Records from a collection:

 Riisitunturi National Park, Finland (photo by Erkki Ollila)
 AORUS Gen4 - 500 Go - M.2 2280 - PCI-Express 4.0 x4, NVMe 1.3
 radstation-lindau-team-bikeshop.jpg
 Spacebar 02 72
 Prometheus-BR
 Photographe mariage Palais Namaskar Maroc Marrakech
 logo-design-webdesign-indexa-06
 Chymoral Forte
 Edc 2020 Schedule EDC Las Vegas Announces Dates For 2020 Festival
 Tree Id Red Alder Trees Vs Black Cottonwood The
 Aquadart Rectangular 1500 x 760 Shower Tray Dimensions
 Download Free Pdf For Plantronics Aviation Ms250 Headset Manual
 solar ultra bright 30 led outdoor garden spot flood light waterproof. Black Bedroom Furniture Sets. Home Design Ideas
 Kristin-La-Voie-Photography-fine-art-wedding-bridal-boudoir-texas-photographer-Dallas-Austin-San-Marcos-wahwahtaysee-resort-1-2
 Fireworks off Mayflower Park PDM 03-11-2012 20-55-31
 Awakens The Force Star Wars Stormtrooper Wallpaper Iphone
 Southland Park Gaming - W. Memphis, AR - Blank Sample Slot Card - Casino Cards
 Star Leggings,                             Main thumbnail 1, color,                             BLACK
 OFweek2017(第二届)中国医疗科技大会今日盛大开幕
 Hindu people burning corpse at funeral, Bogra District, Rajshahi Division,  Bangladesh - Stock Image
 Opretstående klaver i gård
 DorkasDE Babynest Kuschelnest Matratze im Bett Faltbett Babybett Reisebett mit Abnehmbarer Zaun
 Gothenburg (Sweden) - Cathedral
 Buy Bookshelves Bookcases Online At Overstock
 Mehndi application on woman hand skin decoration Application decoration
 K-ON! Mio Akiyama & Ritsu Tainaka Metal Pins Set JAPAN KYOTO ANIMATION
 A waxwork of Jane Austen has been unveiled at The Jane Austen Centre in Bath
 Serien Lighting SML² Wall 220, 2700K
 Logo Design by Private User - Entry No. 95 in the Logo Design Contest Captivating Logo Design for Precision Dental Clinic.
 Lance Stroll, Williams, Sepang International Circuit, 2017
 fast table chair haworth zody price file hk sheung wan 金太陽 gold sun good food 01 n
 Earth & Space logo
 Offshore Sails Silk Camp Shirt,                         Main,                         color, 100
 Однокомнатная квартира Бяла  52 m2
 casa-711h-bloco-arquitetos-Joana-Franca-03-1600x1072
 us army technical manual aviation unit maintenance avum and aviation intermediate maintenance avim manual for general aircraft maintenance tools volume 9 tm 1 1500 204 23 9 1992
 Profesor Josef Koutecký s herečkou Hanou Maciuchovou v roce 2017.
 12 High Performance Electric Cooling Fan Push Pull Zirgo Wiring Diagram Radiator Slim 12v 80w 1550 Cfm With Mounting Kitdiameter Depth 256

_AIM OF THE EXERCISE_: Using the entries above, repeat only the lines from the one containing "Mehndi application on" through the one containing "casa-711h-bloco-arquitetos-Joana-Franca-03-1600x1072", end lines included.

_SOLVED EXERCISE_:
 Mehndi application on woman hand skin decoration Application decoration
 K-ON! Mio Akiyama & Ritsu Tainaka Metal Pins Set JAPAN KYOTO ANIMATION
 A waxwork of Jane Austen has been unveiled at The Jane Austen Centre in Bath
 Serien Lighting SML² Wall 220, 2700K
 Logo Design by Private User - Entry No. 95 in the Logo Design Contest Captivating Logo Design for Precision Dental Clinic.
 Lance Stroll, Williams, Sepang International Circuit, 2017
 fast table chair haworth zody price file hk sheung wan 金太陽 gold sun good food 01 n
 Earth & Space logo
 Offshore Sails Silk Camp Shirt,                         Main,                         color, 100
 Однокомнатная квартира Бяла  52 m2
 casa-711h-bloco-arquitetos-Joana-Franca-03-1600x1072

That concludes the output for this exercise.